═══ Record extracts ═══
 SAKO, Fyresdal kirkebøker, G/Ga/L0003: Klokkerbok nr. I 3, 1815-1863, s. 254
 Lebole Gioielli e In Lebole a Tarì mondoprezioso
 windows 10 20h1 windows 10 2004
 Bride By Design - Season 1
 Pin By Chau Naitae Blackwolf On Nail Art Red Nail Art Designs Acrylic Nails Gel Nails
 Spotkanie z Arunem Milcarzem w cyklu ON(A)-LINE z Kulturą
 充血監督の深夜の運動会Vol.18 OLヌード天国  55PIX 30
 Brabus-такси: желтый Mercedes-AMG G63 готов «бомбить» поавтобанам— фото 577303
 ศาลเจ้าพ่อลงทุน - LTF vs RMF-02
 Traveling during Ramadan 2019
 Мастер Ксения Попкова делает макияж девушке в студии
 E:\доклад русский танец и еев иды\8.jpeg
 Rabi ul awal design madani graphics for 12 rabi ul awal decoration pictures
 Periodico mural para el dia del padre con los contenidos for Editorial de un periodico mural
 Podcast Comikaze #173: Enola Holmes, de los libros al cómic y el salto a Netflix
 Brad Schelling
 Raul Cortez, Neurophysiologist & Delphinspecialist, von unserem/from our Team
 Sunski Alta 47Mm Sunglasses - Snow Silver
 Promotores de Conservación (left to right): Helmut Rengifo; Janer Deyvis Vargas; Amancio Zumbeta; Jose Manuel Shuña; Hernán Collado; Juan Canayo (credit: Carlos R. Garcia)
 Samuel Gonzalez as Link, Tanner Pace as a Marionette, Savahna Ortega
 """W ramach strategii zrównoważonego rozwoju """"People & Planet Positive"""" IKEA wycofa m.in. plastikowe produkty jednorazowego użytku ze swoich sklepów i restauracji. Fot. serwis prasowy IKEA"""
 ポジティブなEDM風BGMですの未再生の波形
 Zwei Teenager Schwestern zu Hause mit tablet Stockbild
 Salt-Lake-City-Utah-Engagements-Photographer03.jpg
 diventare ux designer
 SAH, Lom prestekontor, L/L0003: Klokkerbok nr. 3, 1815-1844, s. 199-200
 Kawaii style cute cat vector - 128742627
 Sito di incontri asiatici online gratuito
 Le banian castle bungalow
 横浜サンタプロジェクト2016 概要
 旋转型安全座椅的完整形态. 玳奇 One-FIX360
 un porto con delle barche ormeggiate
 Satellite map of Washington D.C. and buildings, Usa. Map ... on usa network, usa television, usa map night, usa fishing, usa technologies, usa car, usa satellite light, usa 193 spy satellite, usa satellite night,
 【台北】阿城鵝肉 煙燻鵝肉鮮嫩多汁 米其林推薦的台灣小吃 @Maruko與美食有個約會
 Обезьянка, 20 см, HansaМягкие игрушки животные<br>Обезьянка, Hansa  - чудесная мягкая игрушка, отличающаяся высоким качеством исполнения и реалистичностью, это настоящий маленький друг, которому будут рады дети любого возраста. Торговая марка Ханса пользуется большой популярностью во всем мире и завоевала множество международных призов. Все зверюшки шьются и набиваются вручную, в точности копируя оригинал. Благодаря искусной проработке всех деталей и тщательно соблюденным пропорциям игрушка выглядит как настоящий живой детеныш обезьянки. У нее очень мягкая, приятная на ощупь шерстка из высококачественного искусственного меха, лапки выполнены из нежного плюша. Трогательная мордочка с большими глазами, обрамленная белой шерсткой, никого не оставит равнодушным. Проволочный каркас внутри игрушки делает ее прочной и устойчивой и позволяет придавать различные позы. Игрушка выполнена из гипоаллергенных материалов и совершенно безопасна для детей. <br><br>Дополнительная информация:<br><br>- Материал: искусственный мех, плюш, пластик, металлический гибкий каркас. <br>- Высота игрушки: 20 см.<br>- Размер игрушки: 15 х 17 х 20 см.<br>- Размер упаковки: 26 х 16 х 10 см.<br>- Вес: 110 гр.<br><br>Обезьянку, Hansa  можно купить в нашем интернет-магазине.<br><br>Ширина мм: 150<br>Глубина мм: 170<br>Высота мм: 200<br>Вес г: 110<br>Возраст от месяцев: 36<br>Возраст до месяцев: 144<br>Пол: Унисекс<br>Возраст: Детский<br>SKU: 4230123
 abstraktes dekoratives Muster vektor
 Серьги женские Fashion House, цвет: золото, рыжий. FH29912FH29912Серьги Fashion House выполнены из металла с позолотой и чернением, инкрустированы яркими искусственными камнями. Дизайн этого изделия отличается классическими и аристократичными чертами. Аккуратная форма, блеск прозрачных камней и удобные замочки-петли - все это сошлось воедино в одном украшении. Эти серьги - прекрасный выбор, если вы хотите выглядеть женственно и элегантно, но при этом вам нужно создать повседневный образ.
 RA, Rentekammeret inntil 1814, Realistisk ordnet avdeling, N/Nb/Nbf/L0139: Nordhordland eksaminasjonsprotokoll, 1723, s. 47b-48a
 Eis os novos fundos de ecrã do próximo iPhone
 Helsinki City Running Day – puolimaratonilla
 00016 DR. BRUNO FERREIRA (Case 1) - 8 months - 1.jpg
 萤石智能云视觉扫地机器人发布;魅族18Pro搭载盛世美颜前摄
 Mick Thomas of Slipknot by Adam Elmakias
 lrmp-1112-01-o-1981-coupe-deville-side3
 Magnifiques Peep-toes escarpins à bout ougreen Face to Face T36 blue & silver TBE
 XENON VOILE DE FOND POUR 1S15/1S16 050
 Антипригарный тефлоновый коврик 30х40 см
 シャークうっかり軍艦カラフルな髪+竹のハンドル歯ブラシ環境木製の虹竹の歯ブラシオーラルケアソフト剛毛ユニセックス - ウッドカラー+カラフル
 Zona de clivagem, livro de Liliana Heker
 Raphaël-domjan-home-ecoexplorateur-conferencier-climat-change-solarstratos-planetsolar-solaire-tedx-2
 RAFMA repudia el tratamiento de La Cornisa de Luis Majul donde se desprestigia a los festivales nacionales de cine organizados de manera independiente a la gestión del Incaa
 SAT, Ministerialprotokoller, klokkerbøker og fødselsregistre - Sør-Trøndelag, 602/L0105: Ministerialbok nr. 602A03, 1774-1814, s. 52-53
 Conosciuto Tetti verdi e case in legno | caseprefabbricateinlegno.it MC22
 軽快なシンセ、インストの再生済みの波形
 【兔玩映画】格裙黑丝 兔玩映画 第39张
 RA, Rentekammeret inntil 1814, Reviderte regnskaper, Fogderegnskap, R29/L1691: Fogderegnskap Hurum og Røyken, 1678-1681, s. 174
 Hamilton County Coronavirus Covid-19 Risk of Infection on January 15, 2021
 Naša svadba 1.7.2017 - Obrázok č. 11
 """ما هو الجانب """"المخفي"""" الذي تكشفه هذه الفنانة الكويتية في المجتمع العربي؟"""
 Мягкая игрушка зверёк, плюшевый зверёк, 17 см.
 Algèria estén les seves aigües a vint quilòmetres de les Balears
═══
Assigned task: Beginning with the line that holds "Мягкая игрушка зверёк, плюшевый" and ending with the last line of the material, output each line exactly and nothing beyond them.

Expected answer:
 Мягкая игрушка зверёк, плюшевый зверёк, 17 см.
 Algèria estén les seves aigües a vint quilòmetres de les Balears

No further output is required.